While the particulars of these cases are not uninteresting, they are mostly lost amid the swirl of Jerry and Michelle’s careening between romance and competition, betrayal and “crossing the line.” Just how this line is defined, crossed, and redrawn is the primary subtext for Raising the Bar, partly meted out in the deals between the PD and DA offices, and mostly outlined in Jerry’s passionate speechifying about injustice and racism and class warfare (even his friends say he’s “got a Don Quixote complex”).

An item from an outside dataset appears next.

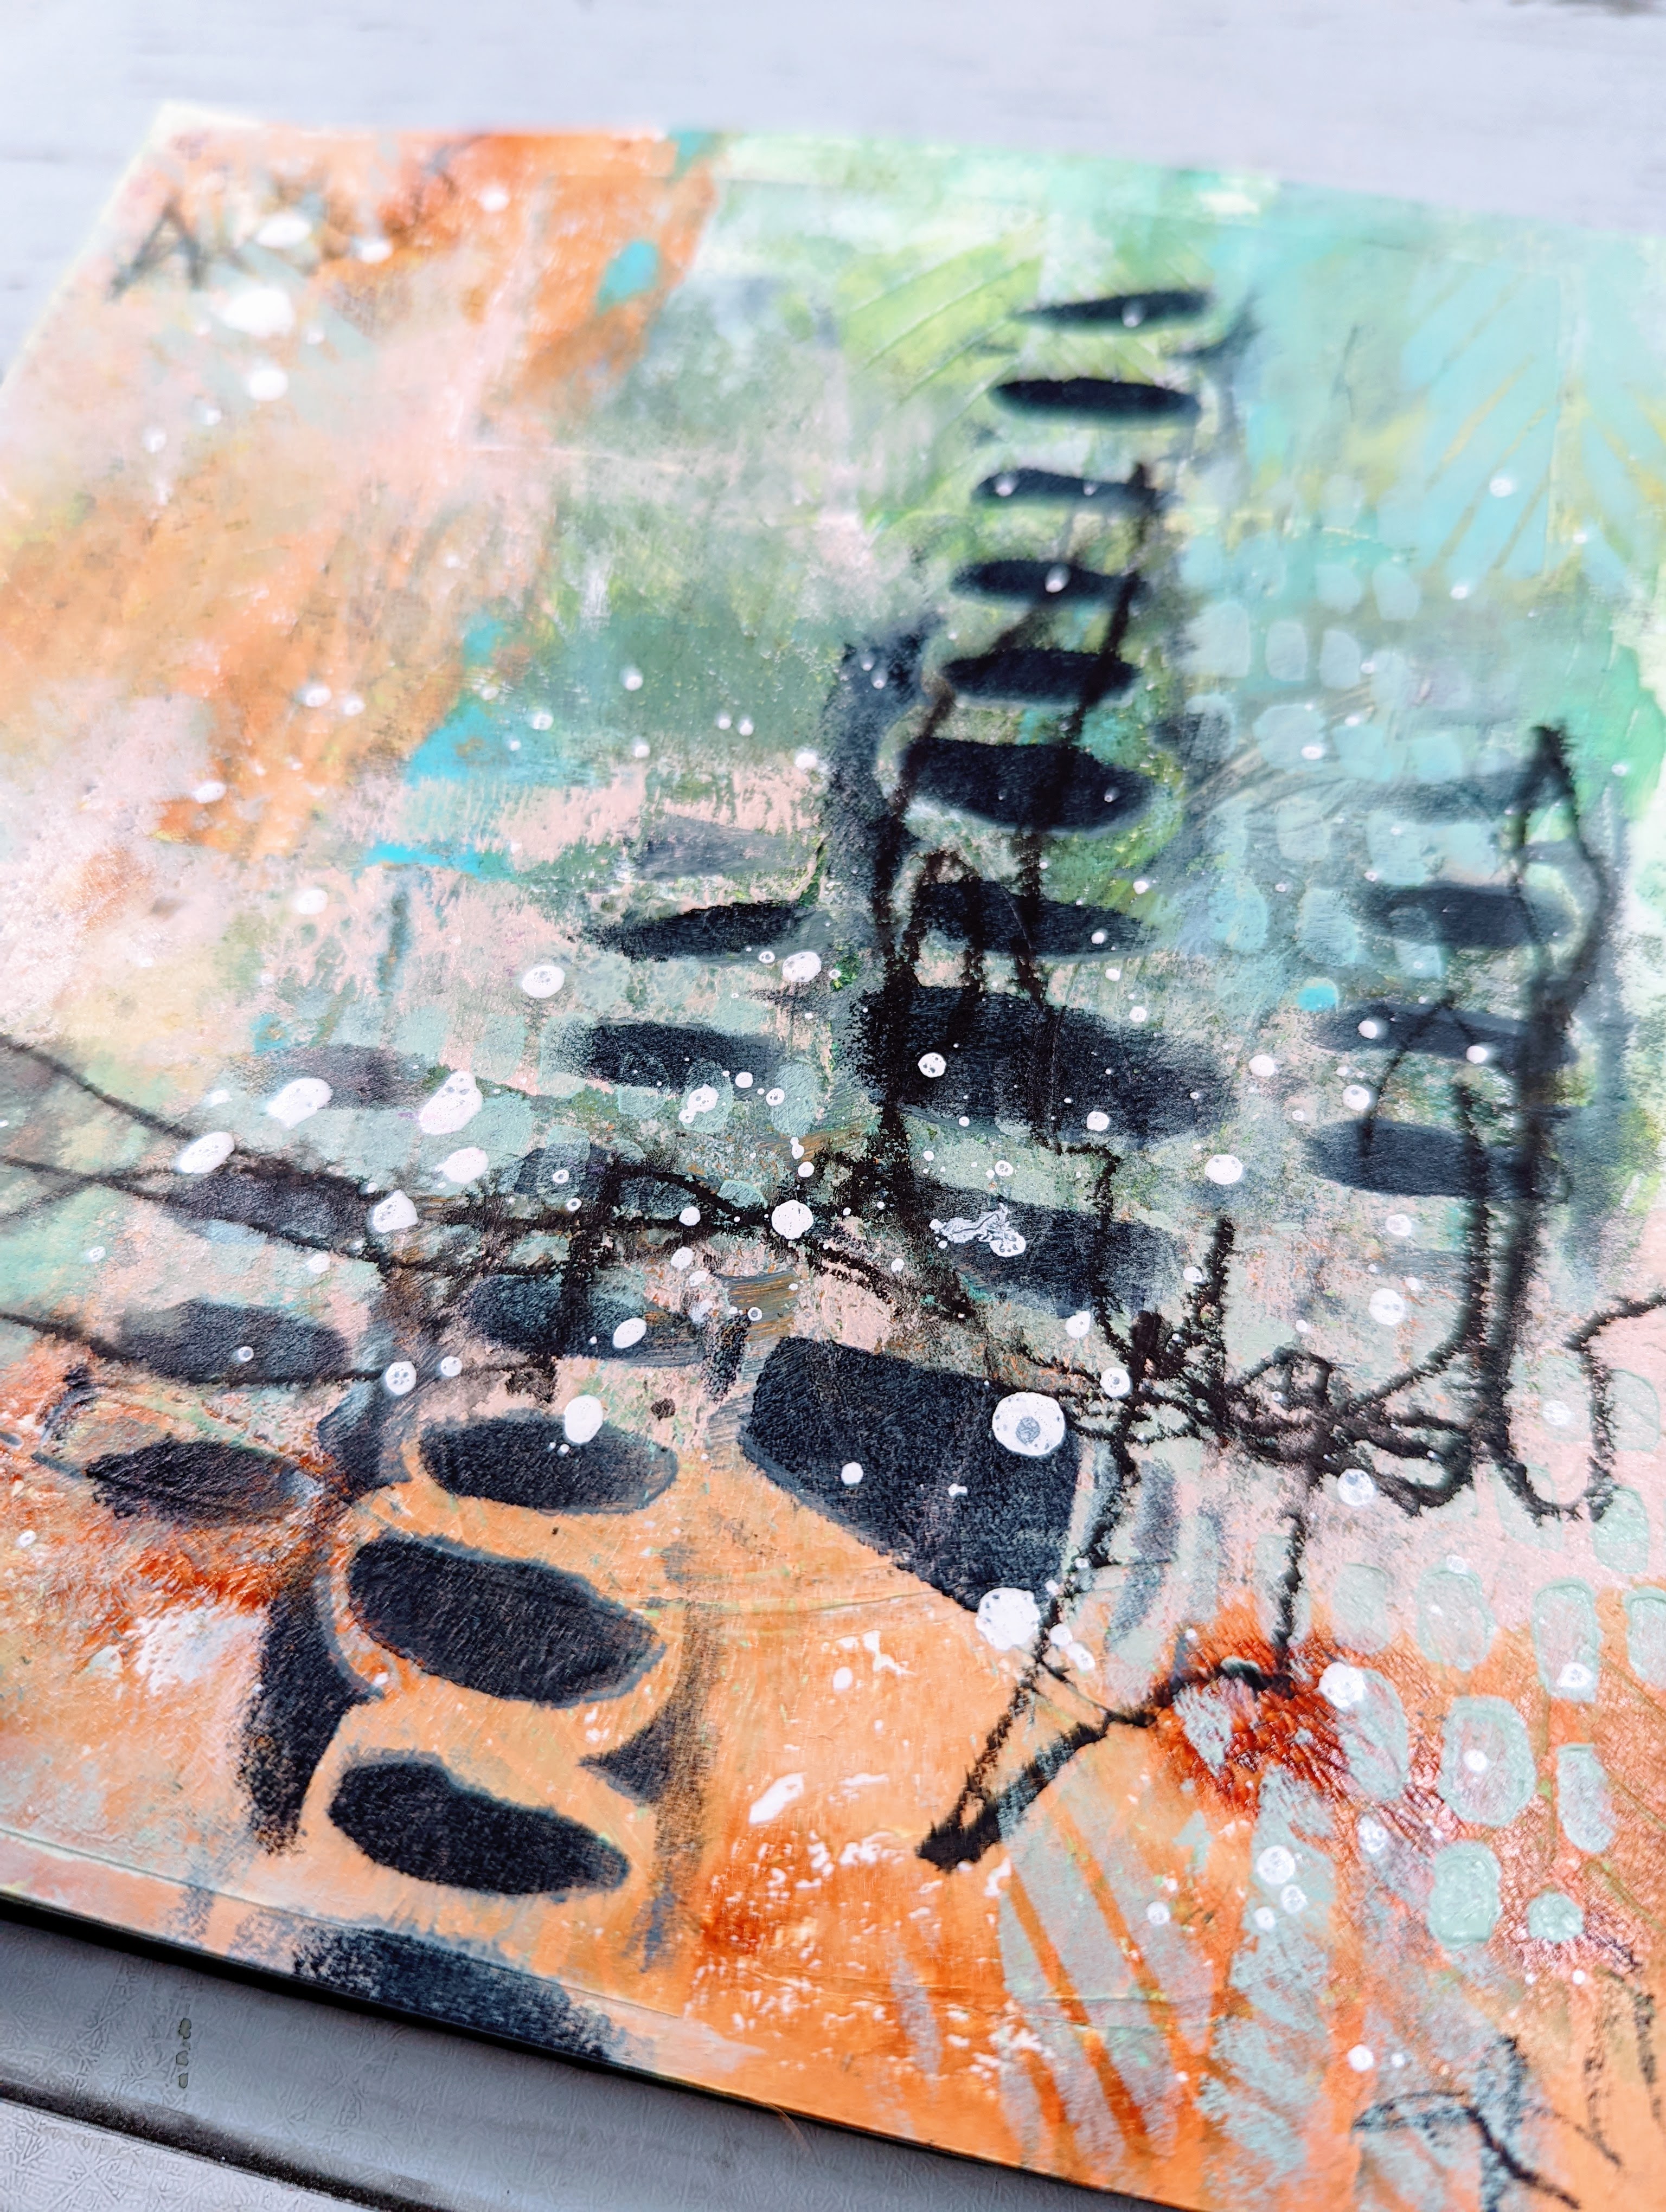 Playing with Gelli Plates - Strathmore Artist Papers

It’s no surprise that Jerry not only has occasional, secret help (from upright Marcus, from conflicted Michelle), or that he has an especially colorful adversary in Judge Trudy Kessler (Jane Kaczmarek), instantly ripe to spin off into her own afternoon TV show. Vengeful, egotistical, ambitious, and highly aware of the power she wields, Kessler means to teach Jerry a lesson — apparently every week. This means she cites him for contempt (so he can spend some quality bonding time with Calvin), expects what Roz calls “groveling,” and has her own prize in mind, election to higher office based on her brilliant and (at least on the surface) unblemished judicial tenure. So you know her fundamental opposition to Jerry, she announces, “When I was a public defender, I never kidded myself that any of my clients were actually innocent.” Then again, she didn’t have her early career scripted by Steven Bochco.

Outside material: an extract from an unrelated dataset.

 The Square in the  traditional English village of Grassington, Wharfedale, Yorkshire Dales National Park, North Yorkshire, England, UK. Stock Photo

That’s not to say Kessler is entirely on the up-and-up — and if her foibles are conventional, Kaczmarek at least makes them grand. Advised by her law clerk Charlie (Jonathan Scarfe), yet another drinking buddy of Jerry, Michelle, and Marcus, Kessler looks desperate and unsmart, someone who would be shocked and a little jealous to see what Glenn Close’s firm over on Damages gets away with. While it’s true that, as Jerry tells Charlie, “You have that bitch wrapped around your finger,” troubles lurk in this office too: Charlie’s fate looks more or less sealed when he meets Raphael in a bar — played by the still charming but terminally typecast Wilson Cruz.
All this is not to say that Raising the Bar lacks any legal, political, or moral substance. It only means that such questions are submerged beneath clumsy and clichéd interpersonal games. Thus far, Roz looks awfully patient, willing to send forth her minions in the name of righteousness or, barring that, getting the best possible deals for clients without means. It looks unlikely she’ll be making history in the near future.